A startup technology company is seeking to shift the burden of collecting on unpaid medical debts from healthcare providers to insurance companies, likening the current process to restaurants being responsible for collecting on unpaid debts when customers pay by credit card.
The company, Ooda, wants insurance companies to be responsible for collecting on unpaid balances, usually after they have covered their portion of the patients’ healthcare bills. Ooda is working with a trio of insurance companies, Anthem, Blue Shield of California, and Blue Cross Blue Shield of Arizona, testing its hypothesis. If the tests are successful, it will roll out its plan to other insurance providers.
To date, about 2,000 bills have been paid through Ooda and the company says 96% of those using the service say it was better than traditional collection methods. The company has collected more in five months than what most healthcare organizations can collect in a year, according to a published report.
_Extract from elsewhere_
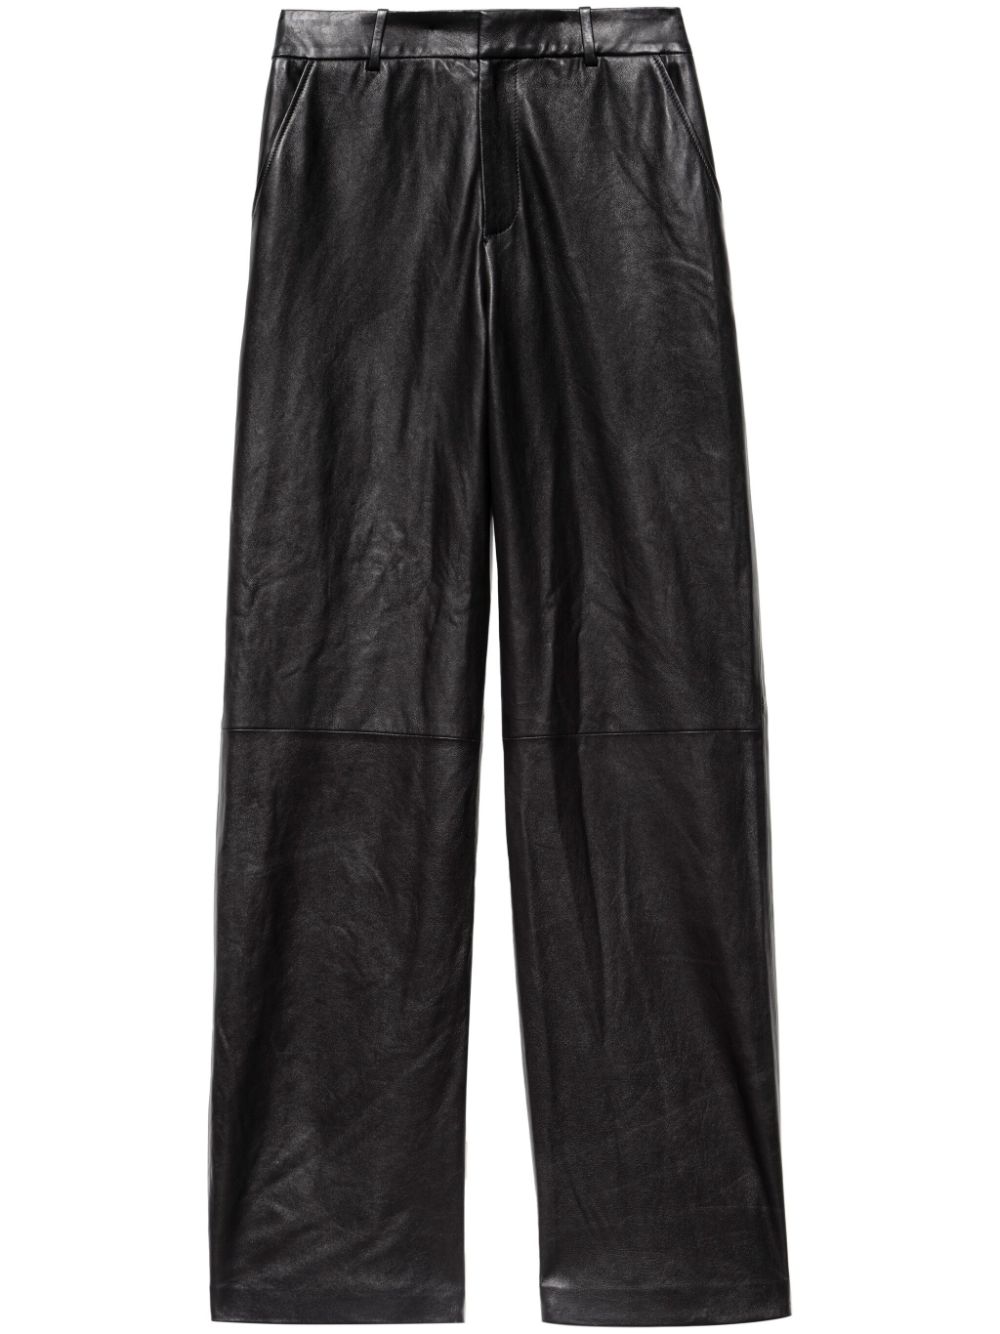 FRAME panelled leather high-waisted trousers - Black von FRAME
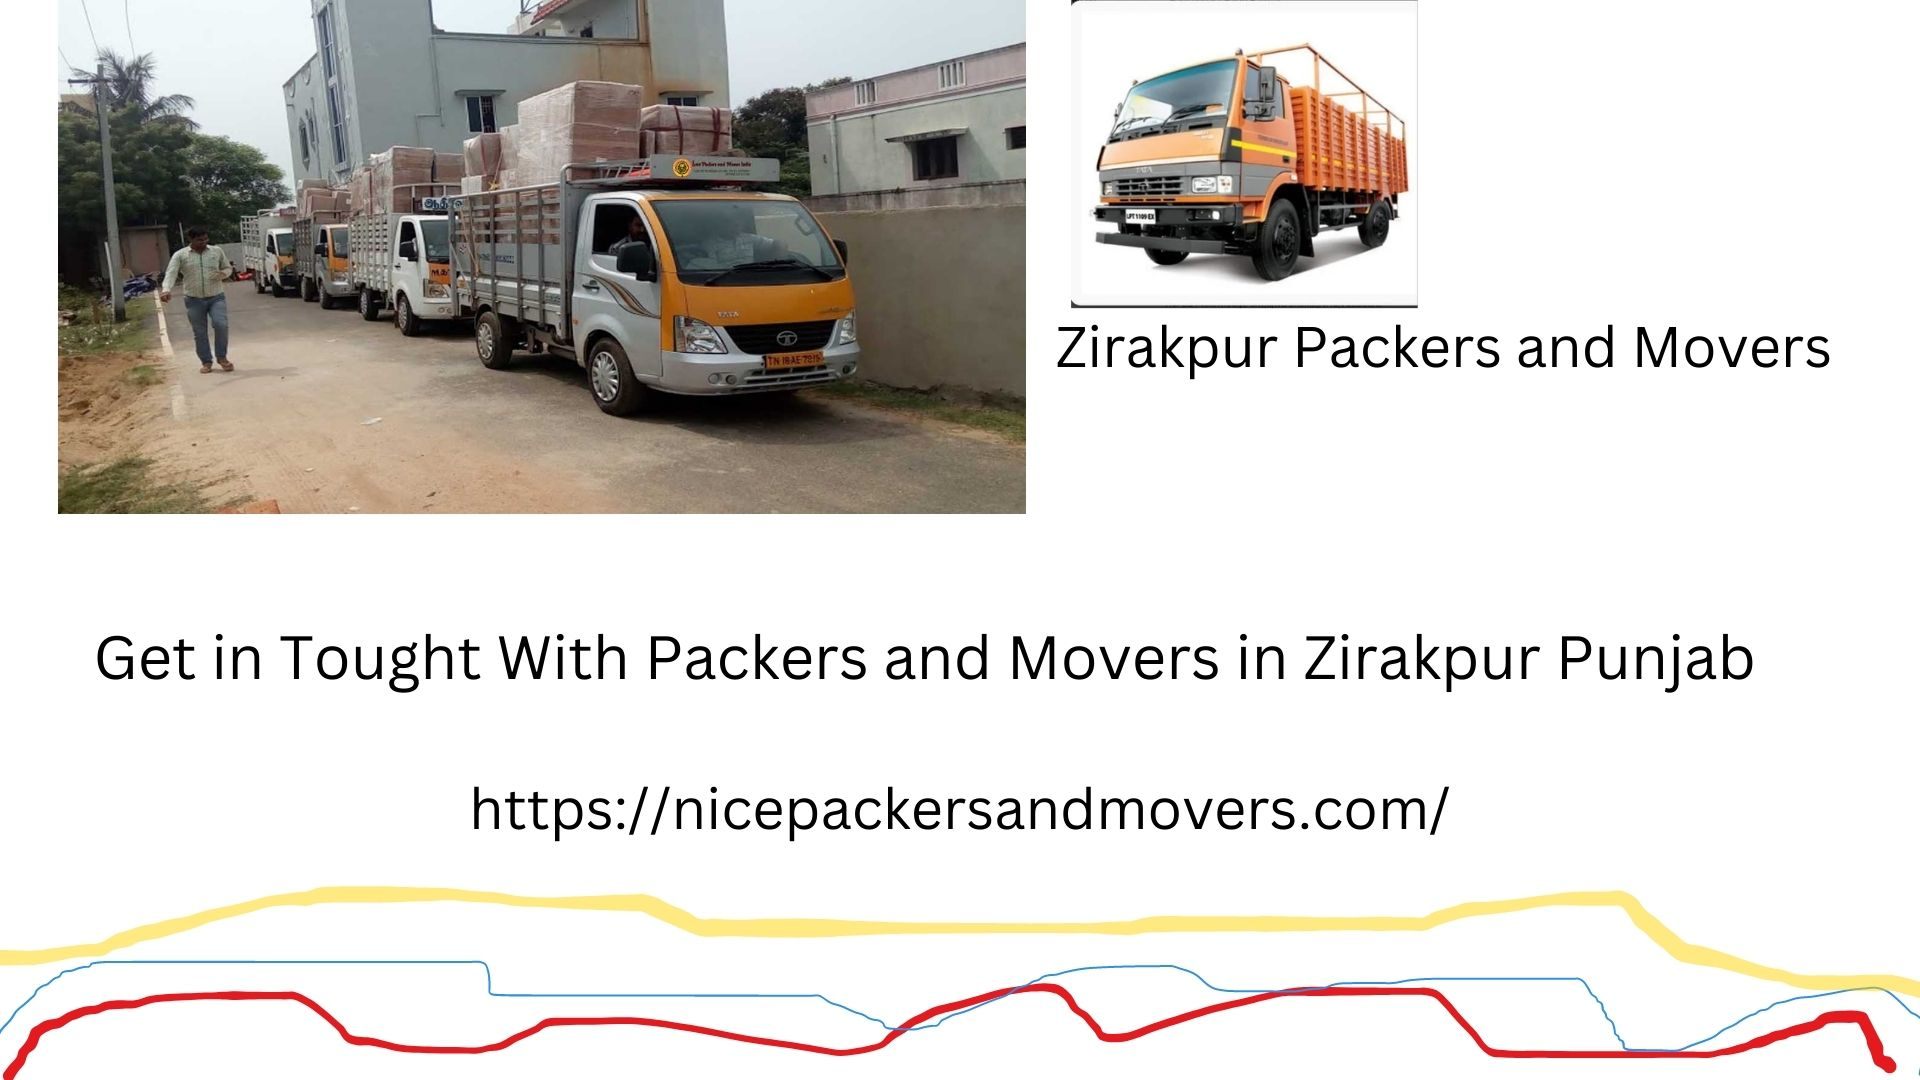 Looking Packers and Movers in Zirakpur? 06239984022

The insurance companies appear willing to take on the additional burden of helping collect on unpaid bills as a means of offsetting potential issues with disgruntled patients who are confused about what portions of their healthcare procedures are covered and what are not.
“What is super clear to us is that one of the big consumer needs is to understand what they pay for and what they owe,” said Jeff Semenchuk, the chief innovation officer at Blue Shield of California. “The whole process is confusing, opaque and disconnected.”
One healthcare provider noted in the report that collection agencies could offer some resistance to this new dynamic, and that resistance may slow down any changes to the current process.
“But this kind of effort is on the right side of history,” said Stephen Klasko, the CEO of Jefferson Health. “I hope that this kind of fragmented billing will be viewed in 100 years like we think about blood-letting or leeches today.”